Large Language Models (LLMs) have demonstrated remarkable performance across various domains, motivating researchers to investigate their potential use in recommendation systems. However, directly applying LLMs to recommendation tasks has proven challenging due to the significant disparity between the data used for pre-training LLMs and the specific requirements of recommendation tasks. In this study, we introduce Direct Multi-Preference Optimization (DMPO), a streamlined framework designed to bridge the gap and enhance the alignment of LLMs for recommendation tasks. DMPO enhances the performance of LLM-based recommenders by simultaneously maximizing the probability of positive samples and minimizing the probability of multiple negative samples. We conducted experimental evaluations to compare DMPO against traditional recommendation methods and other LLM-based recommendation approaches. The results demonstrate that DMPO significantly improves the recommendation capabilities of LLMs across three real-world public datasets in few-shot scenarios. Additionally, the experiments indicate that DMPO exhibits superior generalization ability in cross-domain recommendations. A case study elucidates the reasons behind these consistent improvements and also underscores DMPO's potential as an explainable recommendation system.
Paper Structure (34 sections, 5 equations, 8 figures, 3 tables)

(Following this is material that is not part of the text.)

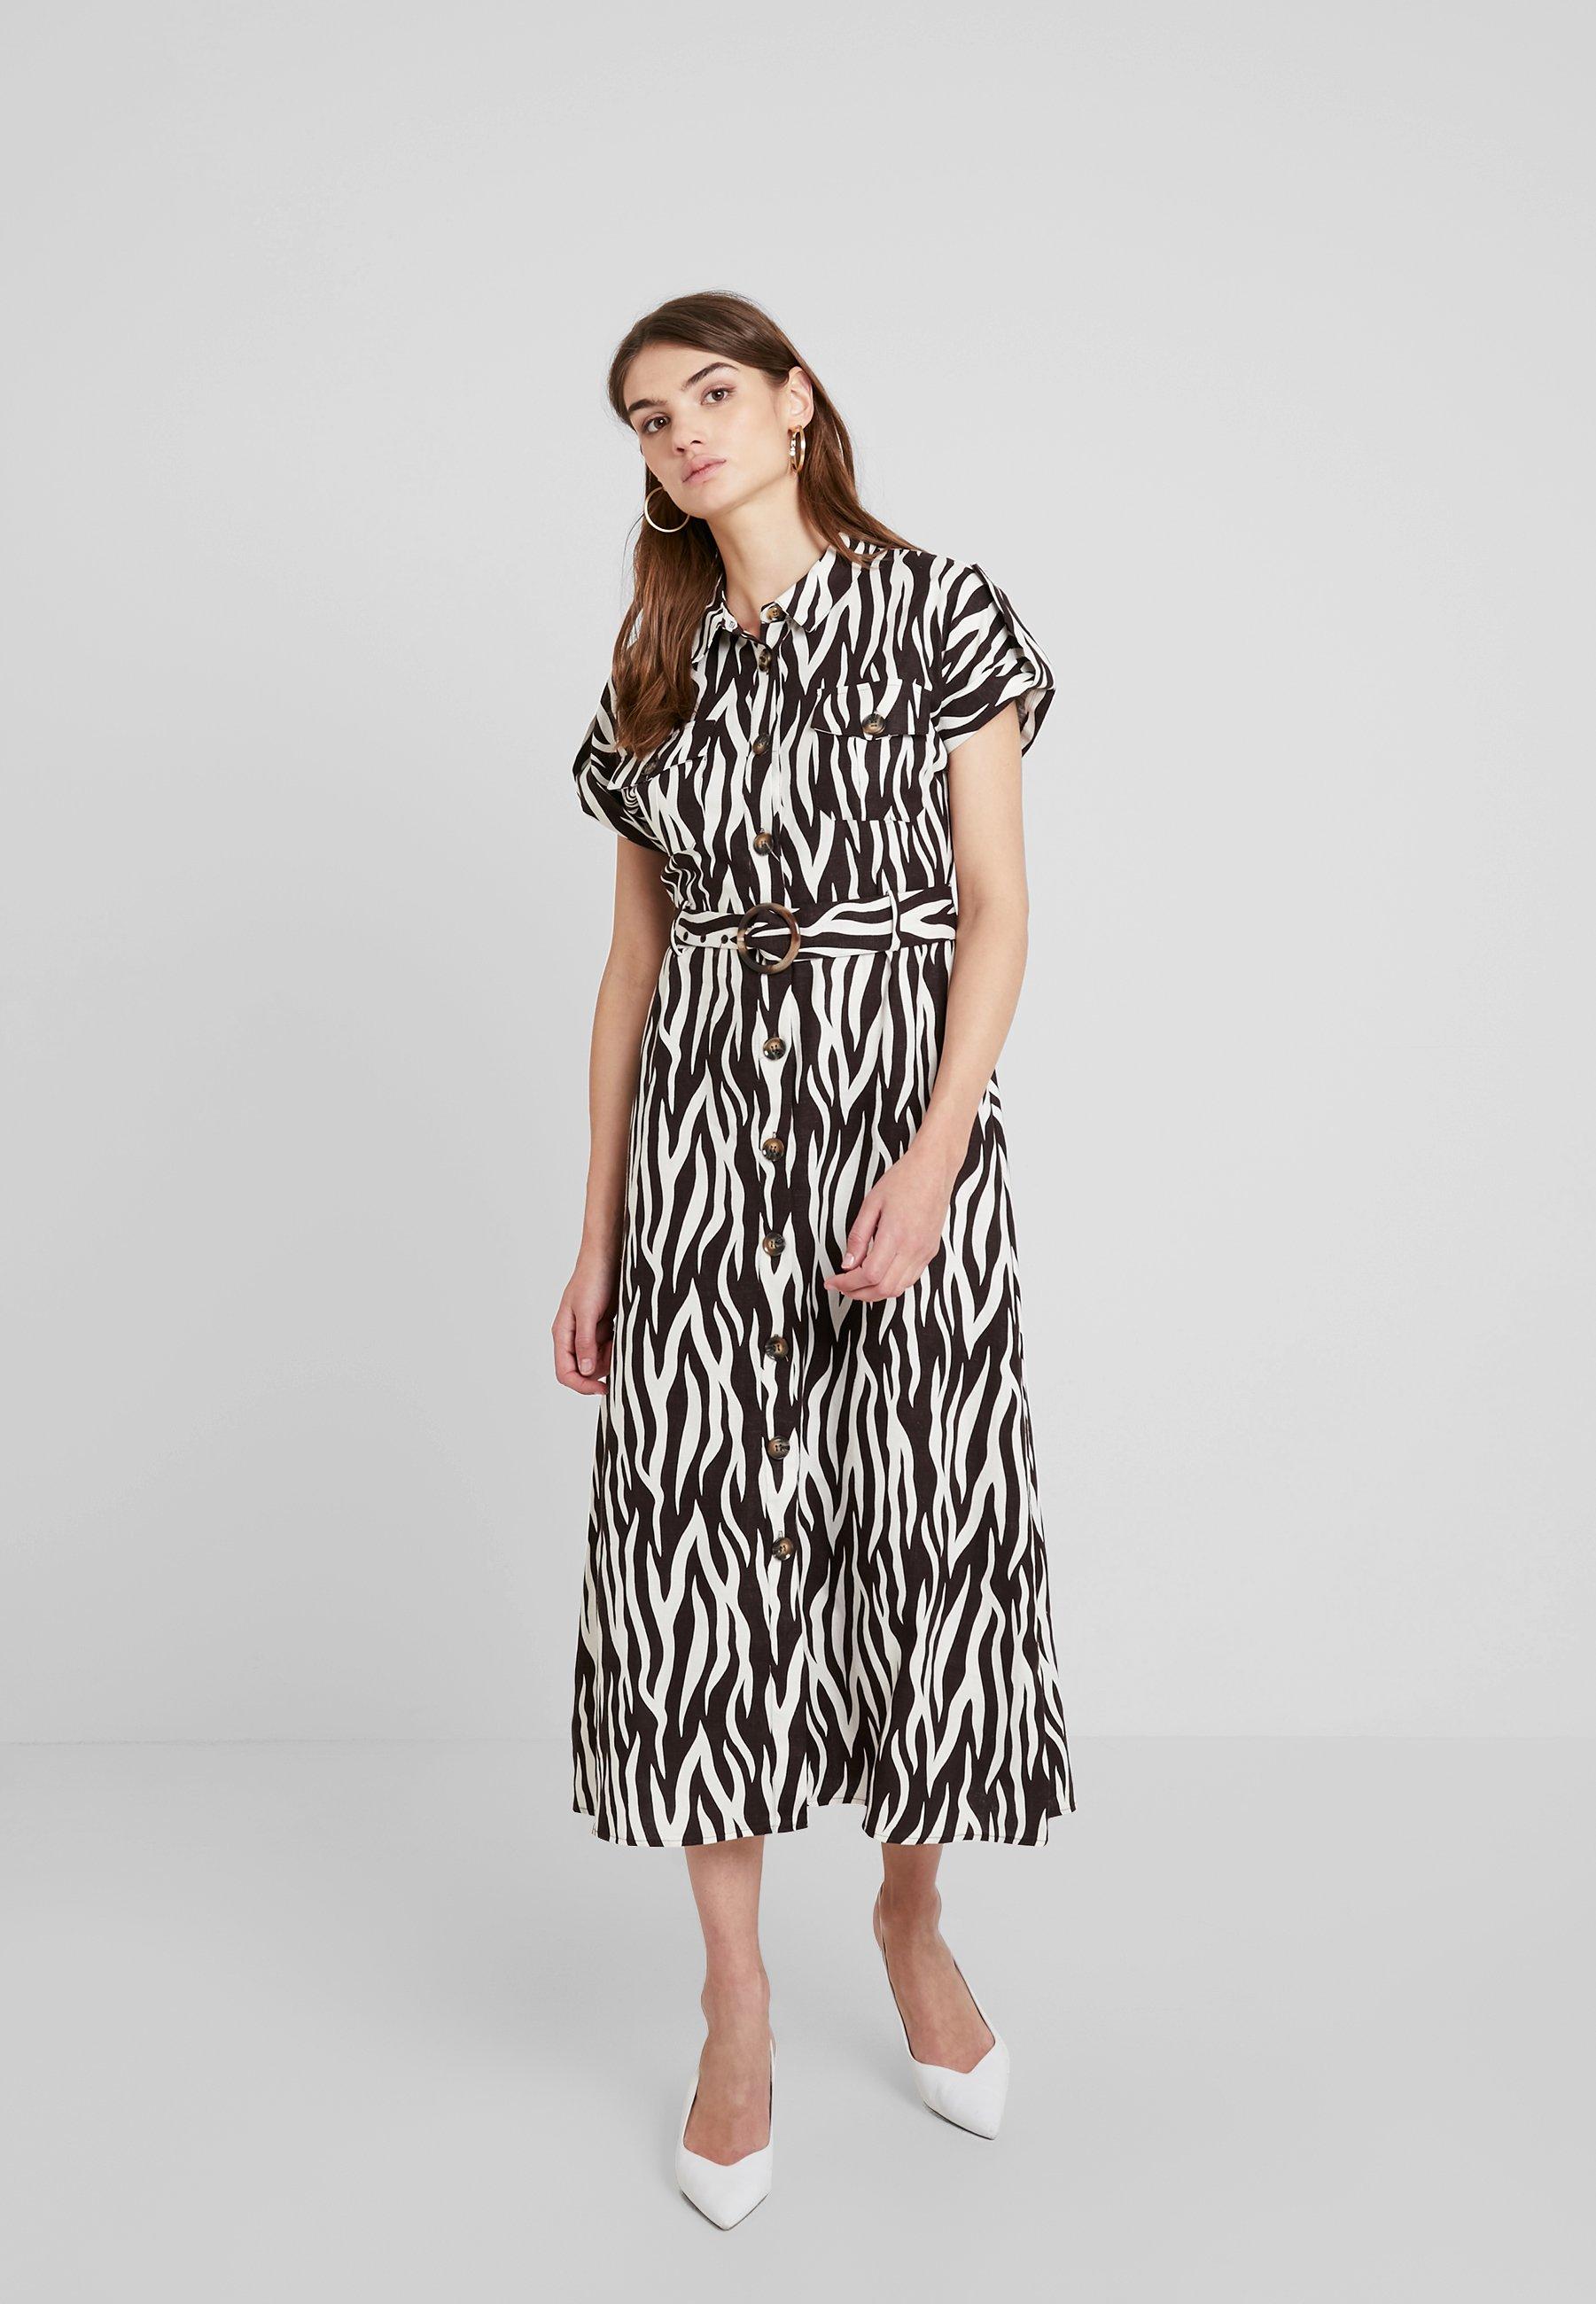 D'été Zebra Button Warehouse Front Multi DressRobe AR54jcLq3

This paper contains 34 sections, 5 equations, 8 figures, 3 tables.

Figures (8)

  • Figure 1: When aligning the LLMs with recommendation tasks, applying Supervised Fine-Tuning (SFT) to LLM initially helps maximize the probability of generating each token in positive items. However, this method overlooks the potential benefits of comparing positive and multiple negative samples. As a result, although the model trained solely with SFT may improve the probability of positive items during training, it may overestimate the probability of unseen negative items during testing, leading to incorrect prediction.
  • Figure 2: We first performed SFT on the base LLM model and then proceeded with DMPO. SFT samples and DMPO samples were constructed as inputs for training. Both SFT and DMPO were trained using LoRA. DMPO aims to maximize the probability of positive samples while minimizing the probability of multiple negative samples simultaneously.
  • Figure 3: Performance for different numbers of negative samples in DMPO. The x-axis label represents the number of negative samples.
  • Figure 4: Performance of using SFT+DMPO and using only DMPO is compared under different few-shot sample numbers.
  • Figure 5: Performance for different base models of DMPO. In the label "SFT+DMPO(1)" and the label "SFT+DMPO(3)", the number in the brackets refers to the number of negative samples used in DMPO.